The picture of complications is largely determined by the pharmacological profile of the drug, some are safer, others less so. Strict adherence to administration and monitoring by a medical professional is required to minimize risk.

Exaggeration of the dangers of steroids in the media

Despite the variety of side effects of anabolic steroids, it should be noted that currently the information about them is exaggerated. In the press and on television one often hears that taking anabolic steroids leads to imminent infertility, impotence, liver damage, and so on, although in fact even excessive doses of steroids do not always lead to irreversible consequences.

In addition, we must distinguish between “abuse” and “misuse. Thus, according to the National Institute on Drug Abuse (NIDA), taking anabolic steroids according to the instructions in 80-95% of cases does not cause complications and adverse reactions, and most of the side effects are completely reversible.

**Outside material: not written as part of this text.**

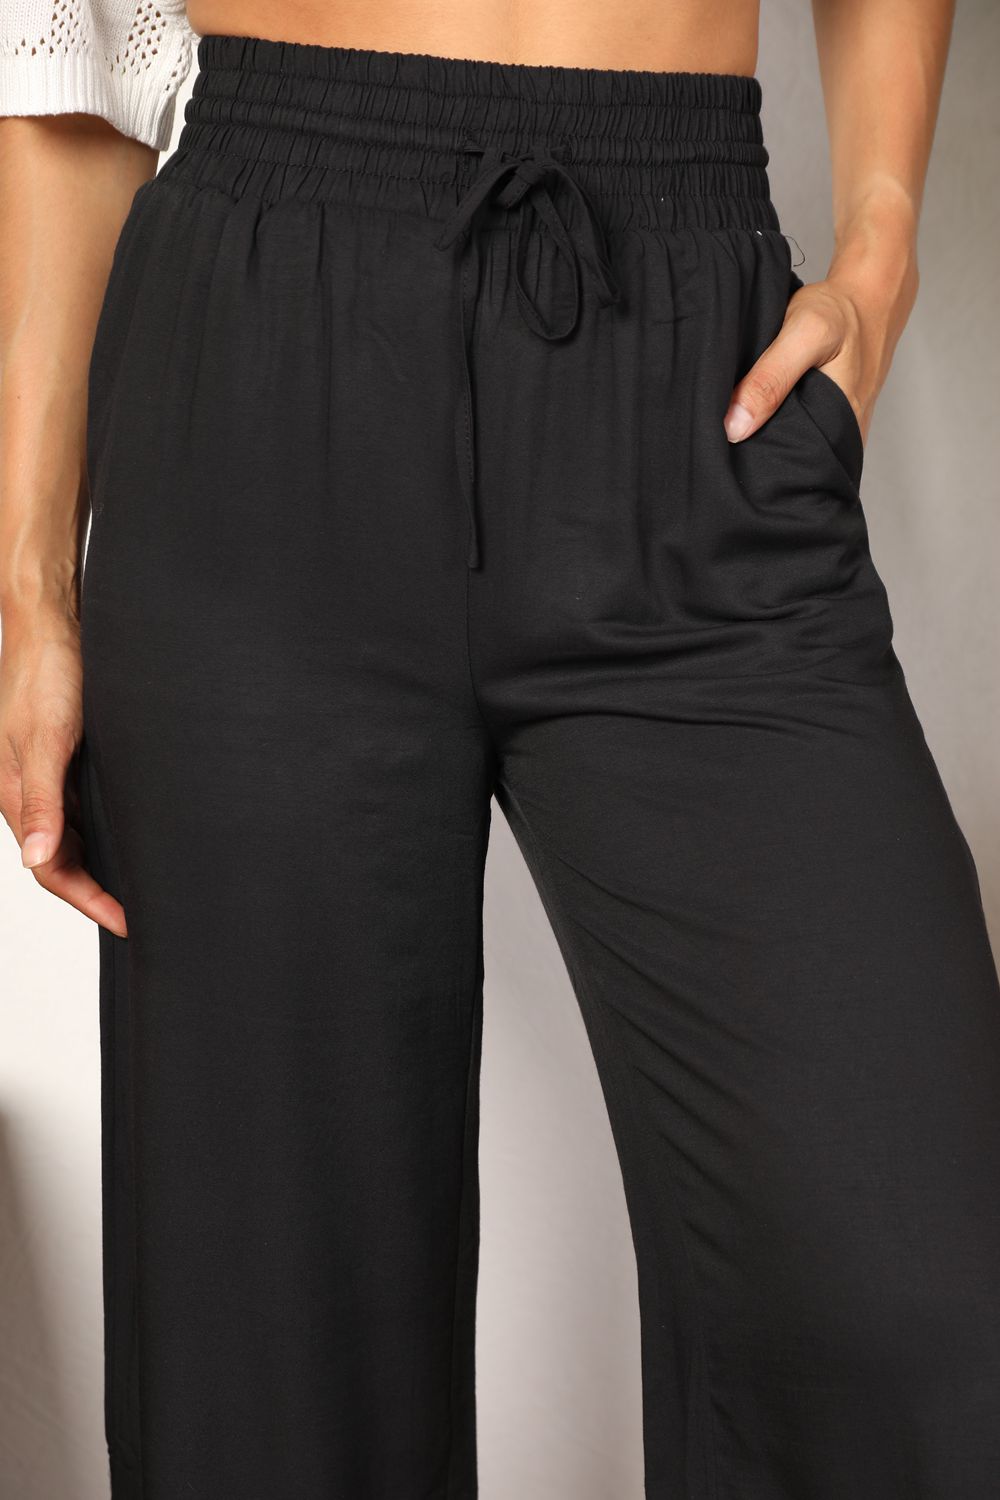 Double Take Drawstring Smocked Waist Wide Leg Pants - 2 Colors Available!

Abuse involves taking steroids in high doses or excessive duration of courses. In this situation, the risk of side effects increases significantly and the frequency of irreversible complications increases. As a rule, steroids are presented in the media against the background of “abuse,” so a false picture is created of the extreme danger of using anabolic steroids.

Prevent side effects

  1. Do not exceed the recommended doses
  2. Do not combine several anabolic steroids, unless intended for the course
  3. Do not exceed the duration of the course
  4. Women should not take anabolic steroids at all, or choose from drugs with a high anabolic index.
  5. Do not use anabolic steroids under the age of 25
  6. Be sure to include PCT, this will significantly reduce or prevent many side effects.

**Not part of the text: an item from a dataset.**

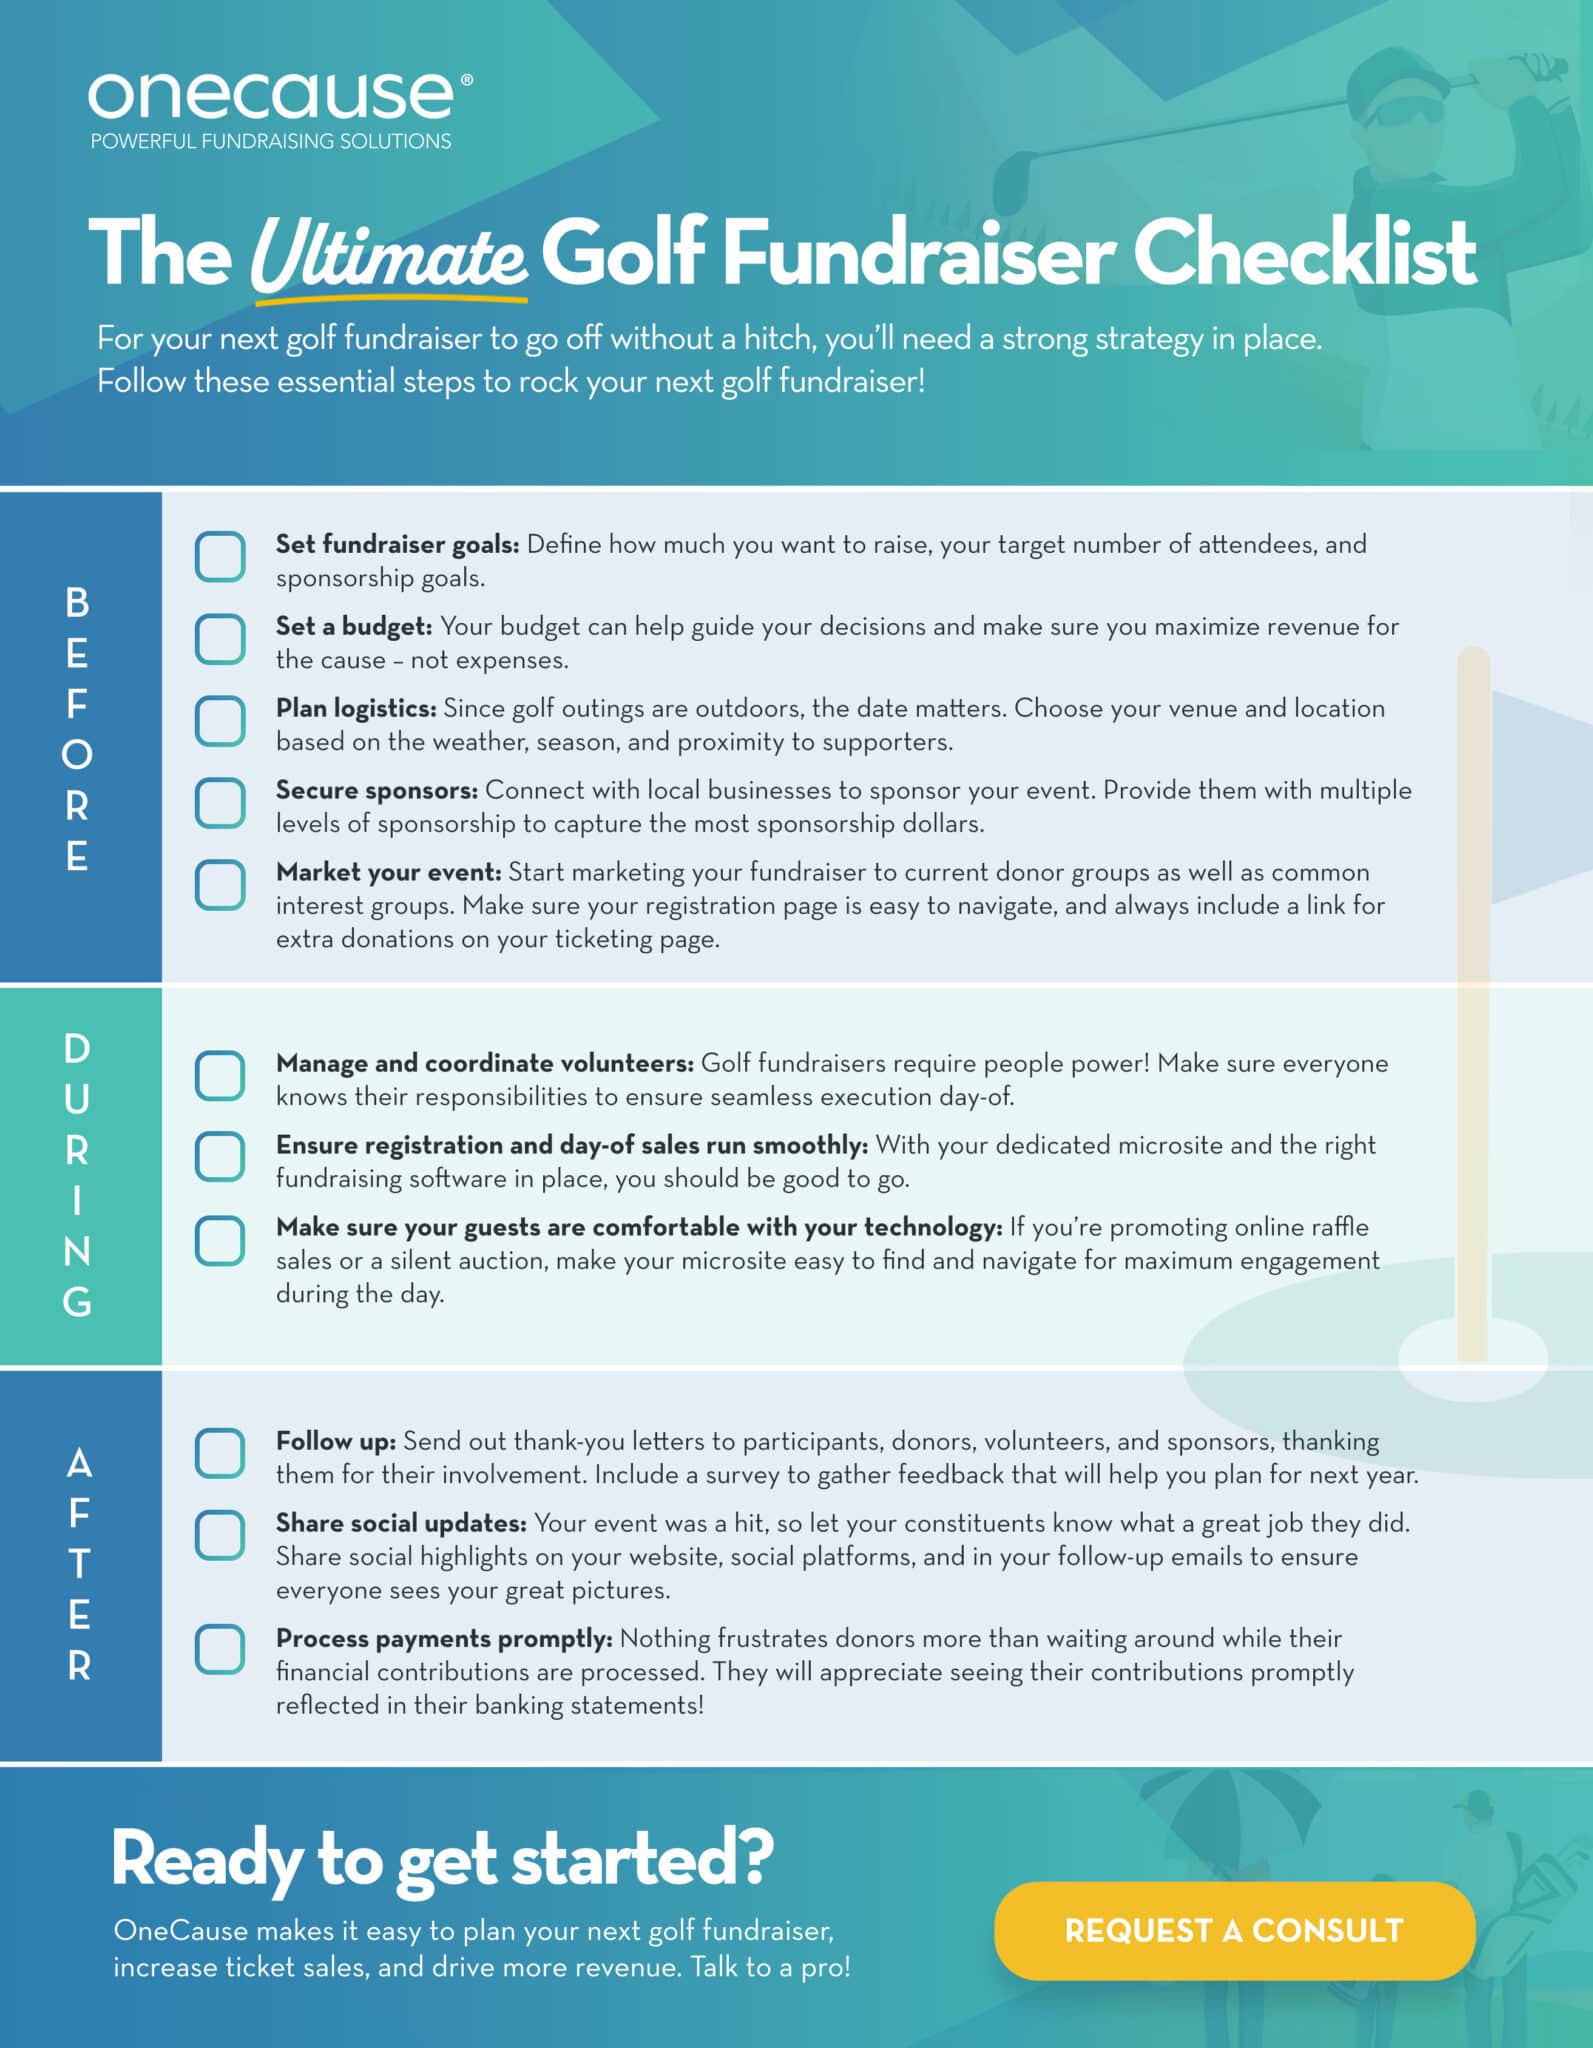 How to Raise Money With a Charity Golf Tournament (+ Free Checklist)

These recommendations can reduce the incidence of side effects to 1% or less, and keep the muscle mass and results gained.

Anabolics in bodybuilding

Anabolic steroids can be used in bodybuilding primarily to increase muscle mass and strength performance. In addition, steroids help maintain muscle mass during drying and relief work, and help increase training performance by increasing stamina and strength.

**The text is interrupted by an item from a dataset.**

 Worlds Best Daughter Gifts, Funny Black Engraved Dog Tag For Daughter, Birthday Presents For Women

When gaining muscle mass, taking anabolic steroids should be combined with a systematic power training, a high-caloric diet. As for sport nutrition, it is advisable to consume protein and BCAA along with steroids because they are necessary for building one’s own proteins; besides, one may take creatine, vitamin and mineral complexes, as well as supplements for PCT.


Anabolic drugs may only be used as prescribed by a physician and are contraindicated in children. The information provided does not encourage the use or distribution of potent substances and is intended solely to reduce the risk of complications and side effects.